In a must-read piece for National Journal, former LA Times political chief Ron Brownstein outlines how the Republican Party is now, by all right, growing into a Southern regional entity.
Readers to Daily Kos have heard that thesis tossed out before. Yesterday, in the write up for our weekly tracking poll, DemfromCT pointed out a quote from a Daily Kos piece from over a year ago which stated the following:
The Republicans, under George W. Bush, have succeeded in remaking themselves from a national party into a regional party (the South).
This graph, from the National Journal piece, shows the unreal disparity in presidential elections between the South (defined as National Journal as the eleven states of the old Confederacy plus Oklahoma and Kentucky) and the other states of the Union:
Notice, in particular, how both Al Gore and John Kerry had reasonably comfortable leads outside of the South that were more than offset by that single region of the nation.
At the Congressional level, the disparities are, if possible, even more stark. In the United States Senate, Republicans control 19 of the 26 seats in the South. Outside the South, Democrats control 53 seats. The GOP controls just 21 seats outside of the South.

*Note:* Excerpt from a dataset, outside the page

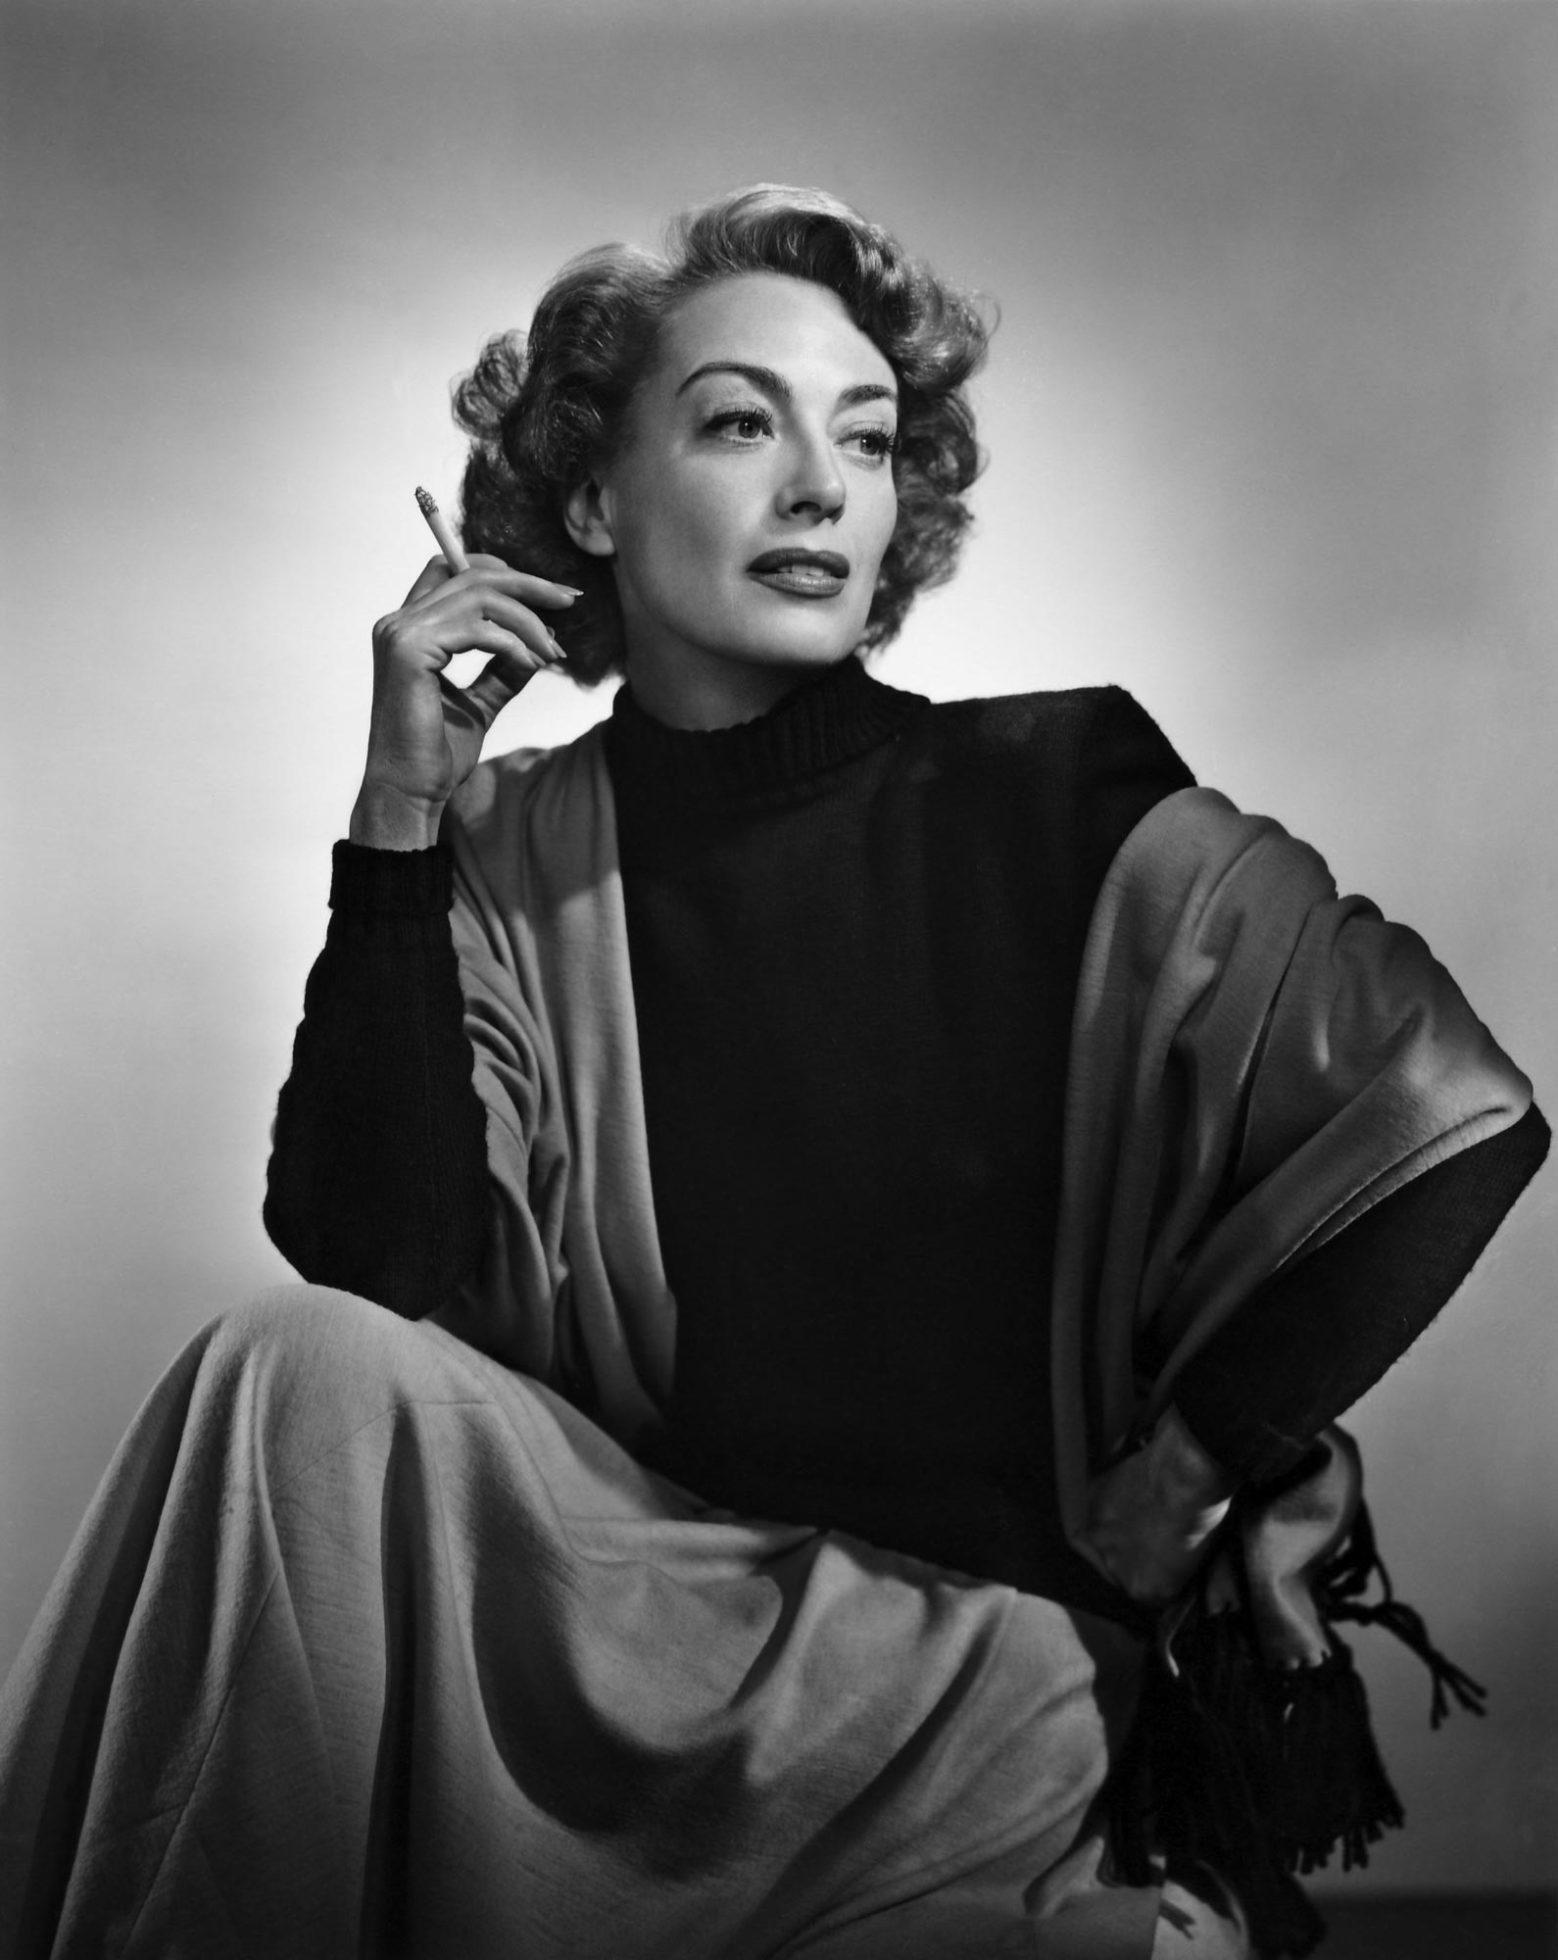 Fotó: Yousuf Karsh: Joan Crawford, 1948 © Yousuf Karsh

What this means, in a nutshell, is that outside of the South, Democrats come very close to controlling three-quarters of the seats in the United States Senate.
While the ratios are not quite as stark in the more localized House of Representatives, the statistics are still pretty damning. Since the mid-1990s, the majority of the GOP House delegation has come from the South. According to National Journal, the last time that was true was during Reconstruction, when many old-line Democrats were barred from serving because of their service to the Confederacy (this was also the brief moment in history when the South sent African-American members to the United States Congress like Senators Hiram Rhodes Revels and Blanche Bruce).
The primacy of social politics in modern conservatism (as covered in Thomas Frank's 2004 book "What's The Matter With Kansas") has solidified its position in the South, but may well have done the party irreparable damage elsewhere.
As outlined here last week, Republican presidential performance in the suburbs, relative to average national performance, has been eroding consistently over the past decade or so.
It is hard not to suspect some connective tissue between the ascendancy of the GOP in the American South and their descent elsewhere. Especially when one looks at the polling data on what issues Americans believe are of the utmost political importance.
The political trinity that seems to define Republican social conservatism is "God, guns, and gays." Somewhere along the line, the Republican Party grew convinced that social conservatism along those lines was the ticket not only to locking down the South, but winning over middle-class voters elsewhere.
It worked in the South, where even Democratic candidates at the federal level feel the need to toe the line on the trinity listed above. But, nationally, their decision to put social issues at the top of the list in terms of issue-based talking points has been disastrous.
It is not that America necessarily is in solid dissent with the GOP on these issues. Indeed, on issues like gun rights, gay rights, and abortion, the GOP position could either be classified as the narrow majority position or a significant minority position.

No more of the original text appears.